The final step consisted of verifying the drifter salinities against independent datasets and intercomparing the drifter salinities to discard/validate spikes, drifts, and sections of the data records that exhibit temporary steplike offsets as described by Reverdin et al. (2014). Such offsets may be attributed to foreign objects within the measuring cell, a malfunction of the sensor’s electronics or physical features like eddies, fronts, and filaments. These qualitative comparisons eliminated less than 2% of the remaining salinity data and more details are given below.
(a) Track of SVP-S drifter 36243 deployed in the SPURS region at the beginning of November 2012, which had its drogue attached until the end of the record. (b) Corresponding time series of salinity measurements with (gray) and without (blue) data noise; note the noise bias predominantly toward fresher values.

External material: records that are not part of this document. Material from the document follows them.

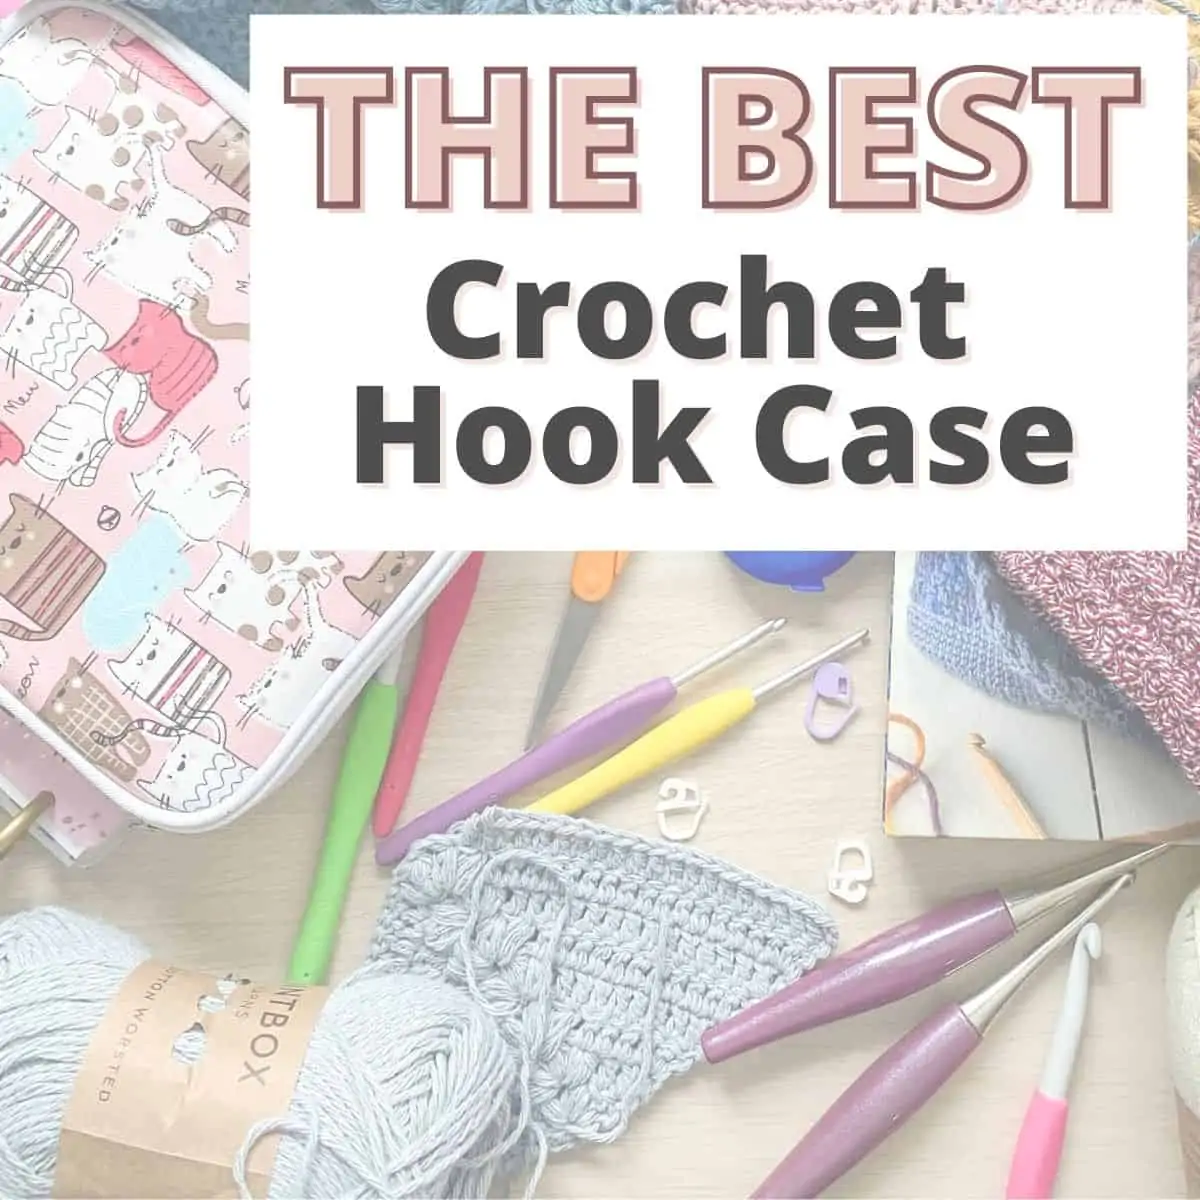 Crochet Hook Case for sale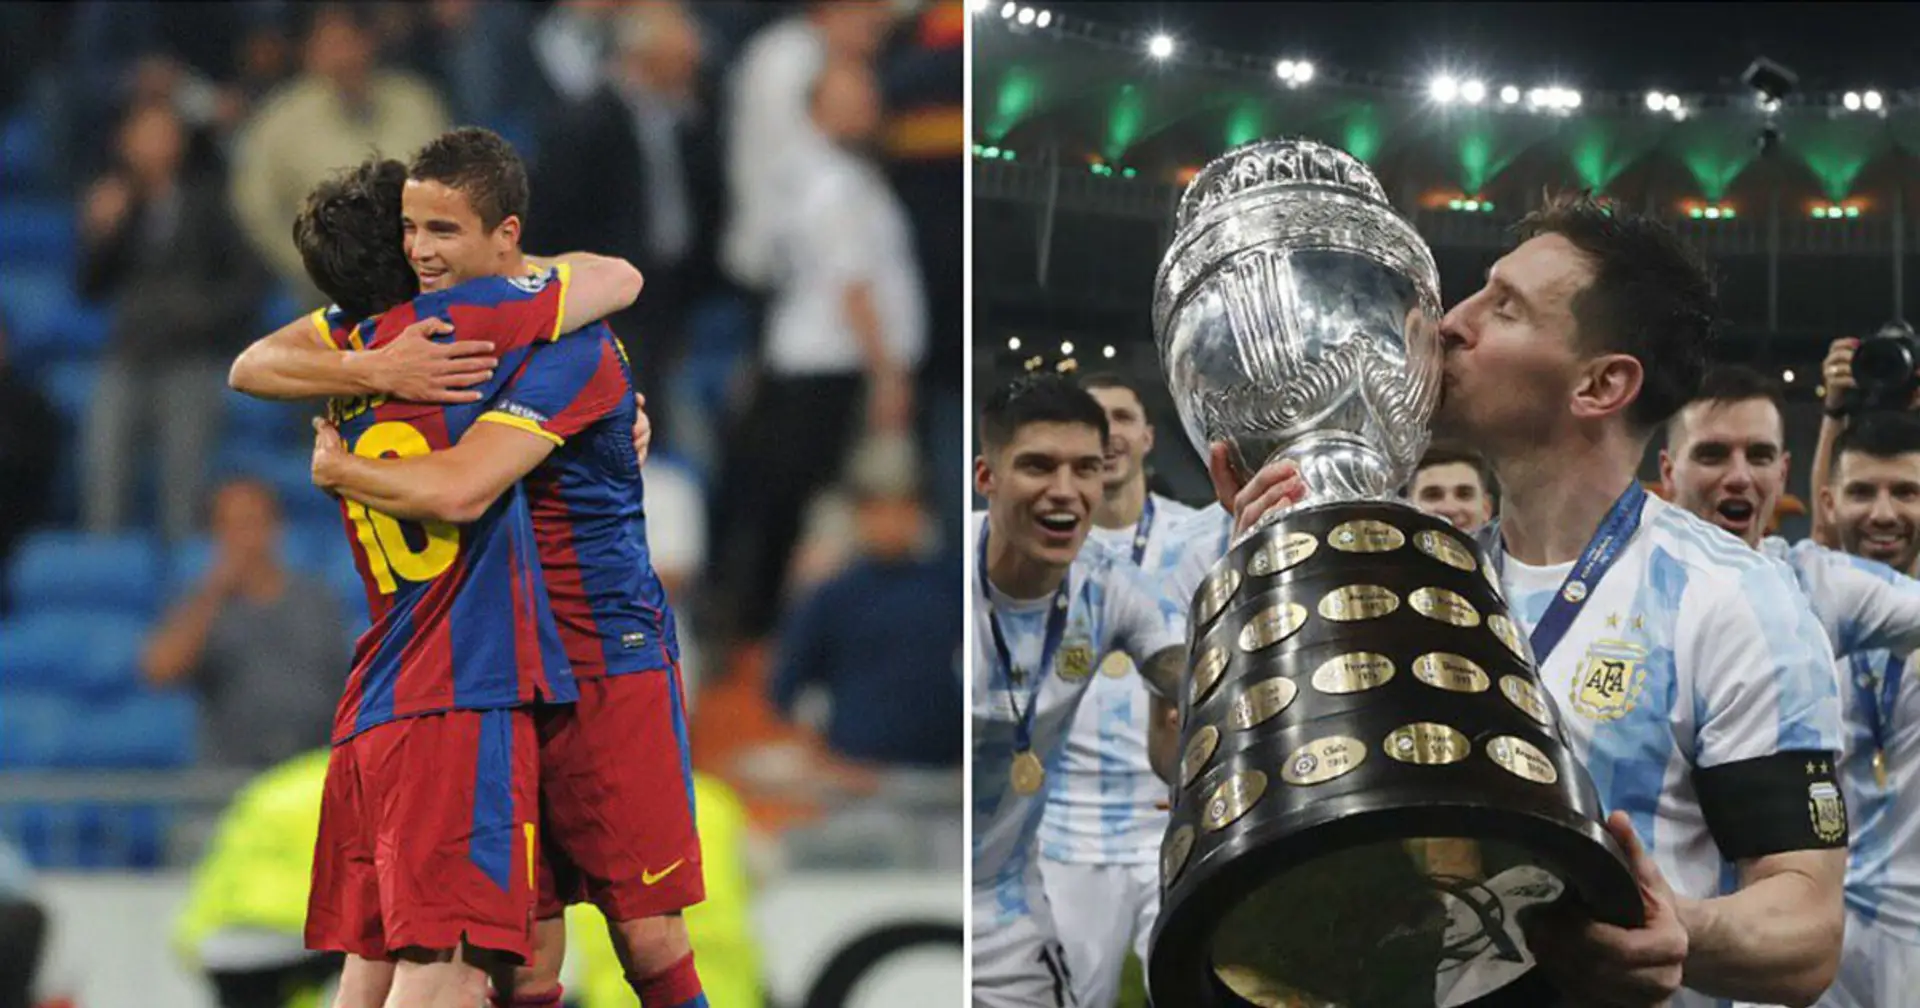 "Argentiniens Nationalmannschaft besteht zu 90% aus Messi": Ehemaliger Fußballer aus den Niederlanden beeindruckt von Leos Leistung bei der Weltmeisterschaft 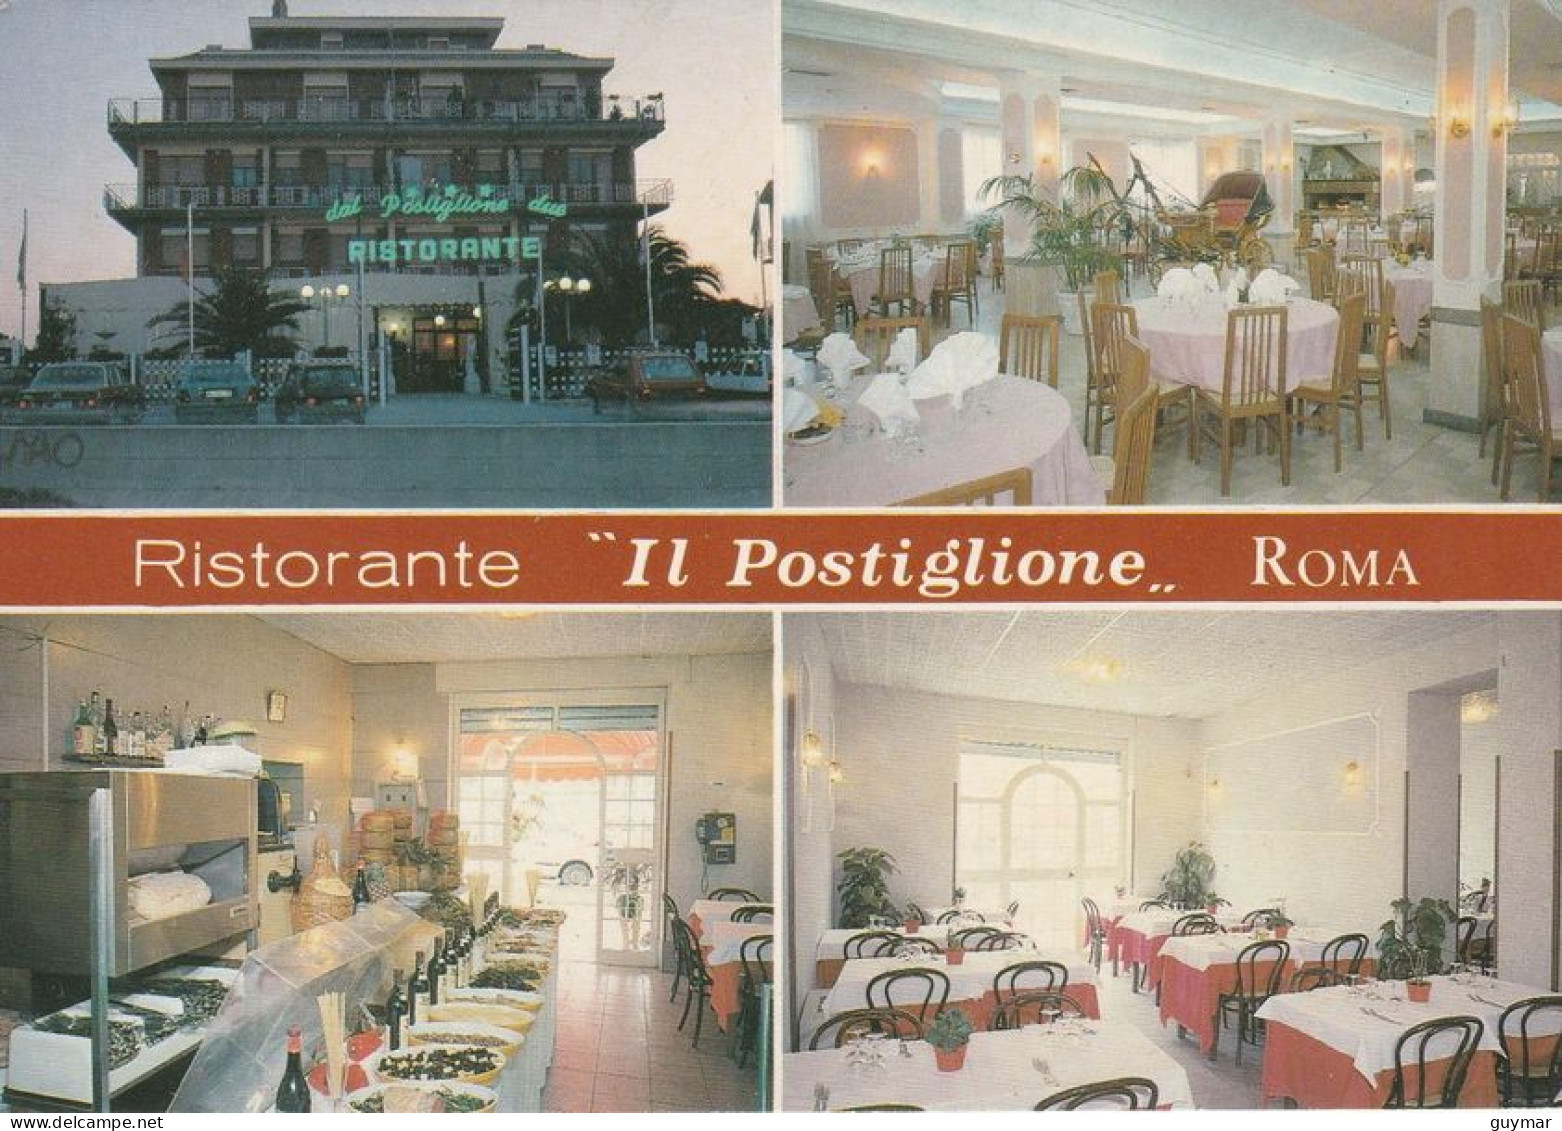 ROMA - RISTORANTE - IL POSTIGLIONE - 5566 - Wirtschaften, Hotels & Restaurants

Citation: Journal of Atmospheric and Oceanic Technology 32, 1; 10.1175/JTECH-D-14-00179.1
Similarly to Reverdin et al. (2014), Argo profiles were selected within 1 day and both 50- and 100-km distances of each drifter measurement while the weekly Aquarius data were mapped onto corresponding 7-day mean positions of the individual drifters using a Delaunay triangulation interpolation method. The comparisons between these independent datasets and the noise-removed drifter salinities revealed a few more suspicious data points that were additionally eliminated. Two examples are illustrated in Fig. 3, which shows intermittent erroneous observations typically caused by foreign objects within the measuring cell followed by a recovery (Figs. 3a,b) and a final failure of a sensor (Figs. 3c,d). In contrast to Reverdin et al. (2014), we did not attempt to adjust such salinity measurements to avoid introducing artificial errors deriving from a rather large natural near-surface salinity variability due to eddies, fronts, and filaments, which can be in excess of 0.1 psu (Centurioni et al. 2014, manuscript submitted to Oceanography).

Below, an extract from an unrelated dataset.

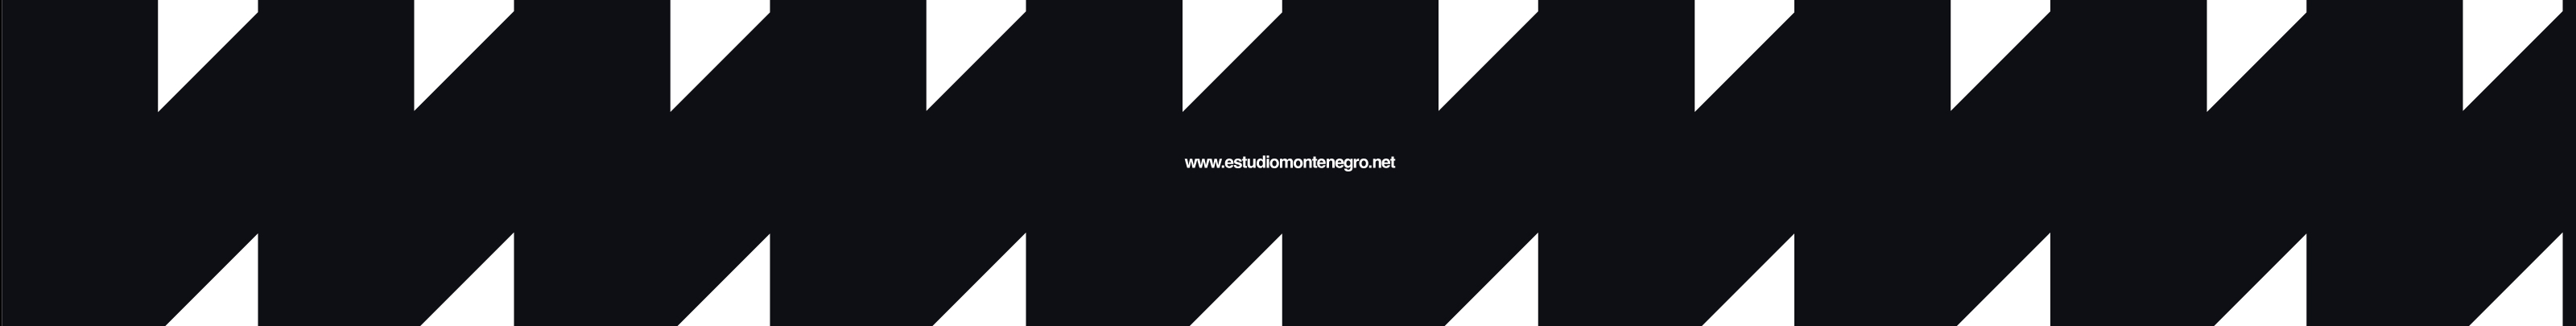 Estudio Montenegro's profile banner

(a) Track of SVP-S drifter 114903 deployed in the SPURS region at the end of March 2013. (b) Corresponding noise-removed (gray) and final (blue) time series of salinity measurements, with superimposed nearby Argo (100-km distance: light red, 50-km distance: red) and Aquarius (green) data (see text for Argo/Aquarius details); drogue loss is marked by the dashed line. (c),(d): As in (a),(b), but for SVP-S drifter 114815.

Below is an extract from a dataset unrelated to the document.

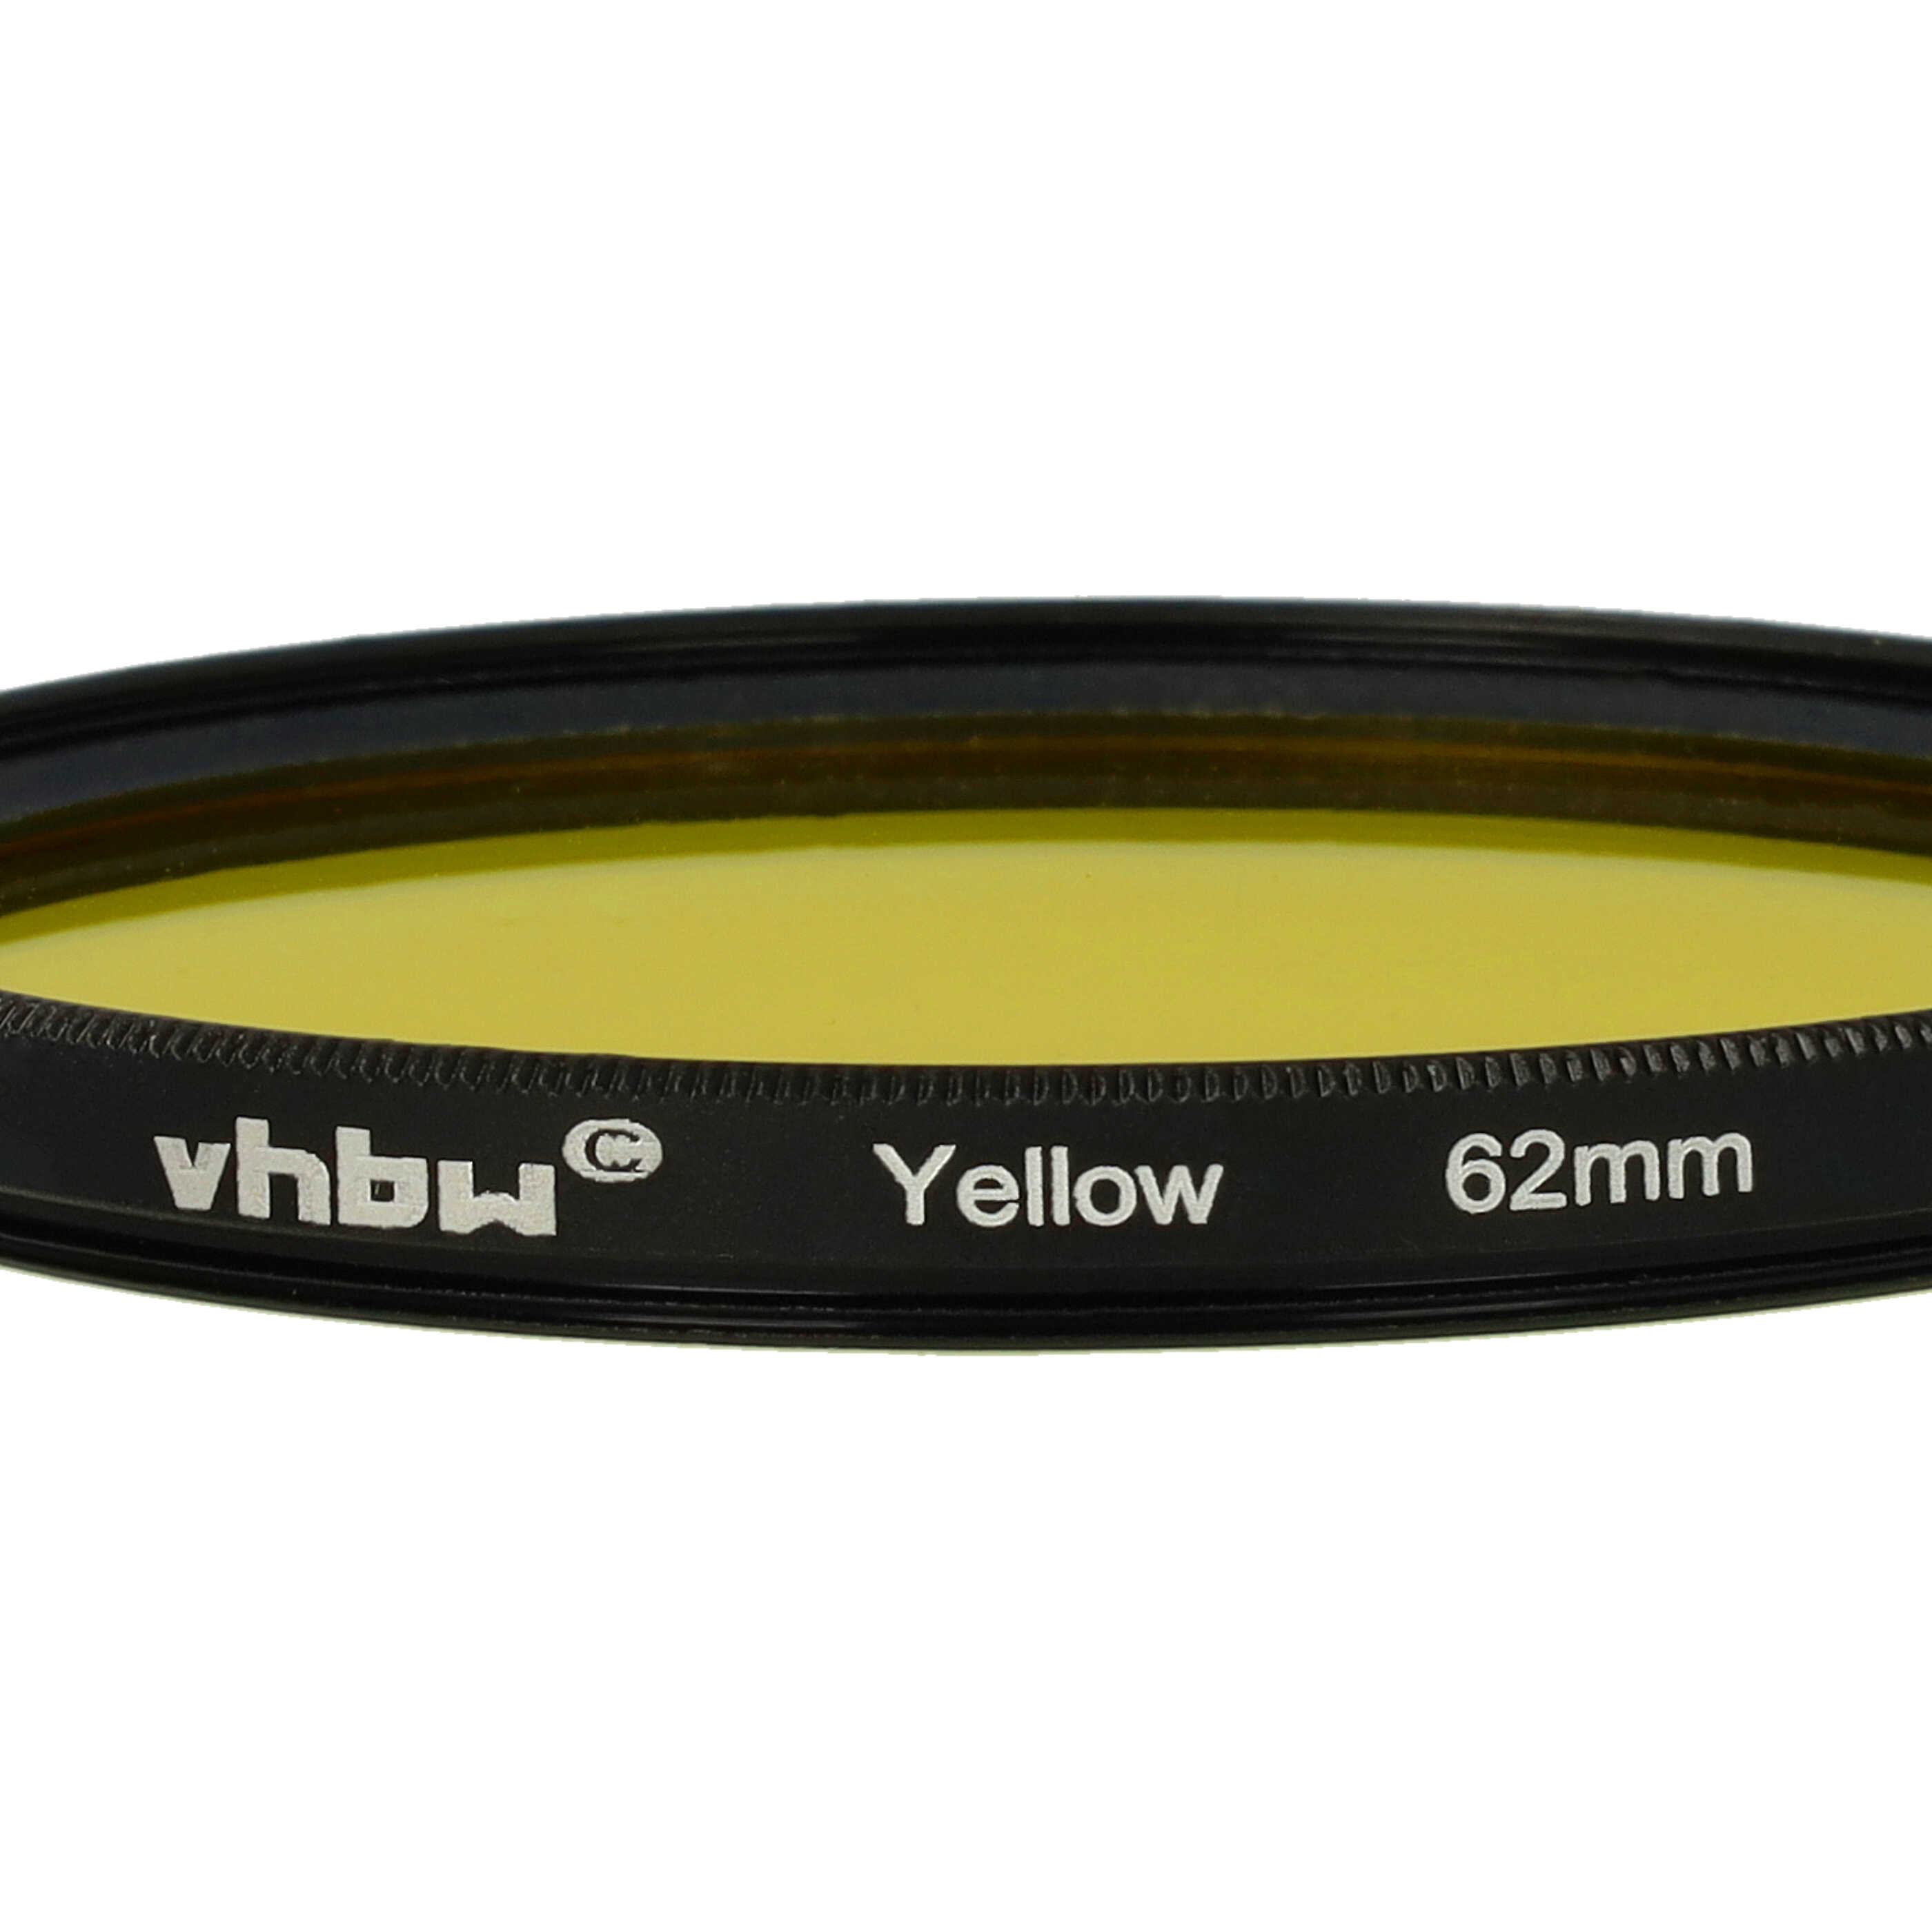 Farbfilter gelb passend für Kamera Objektive mit 62 mm Filtergewinde - Gelbfilter

Citation: Journal of Atmospheric and Oceanic Technology 32, 1; 10.1175/JTECH-D-14-00179.1
Previous studies on the evaluation of SVP-S data pointed out that the salinity sensor drifts over time, where small drifts were usually observed during the first 6 months (e.g., Reverdin et al. 2007, 2014). To estimate the drift of our salinity sensors, we compared the quality-controlled drifter salinities with the nearby Argo (i.e., within 1 day and both 50- and 100-km distances of each drifter measurement) and track-projected Aquarius data. The comparison with Aquarius SSS data indicates that a sensor drift could occur after approximately 10–12 months (Fig. 4). Because of the known temporal instability of Aquarius (Lagerloef et al. 2013) and the lack of evidence from the comparison with Argo data, the drifter salinities were not adjusted. Argo measurements in the upper 10 m show no detectable drift beyond the level of the variance associated with ocean physics and haline stratification effects; note that the comparison leads to very similar conclusions when using Argo data in the upper 5 m only (Figs. 4b,c).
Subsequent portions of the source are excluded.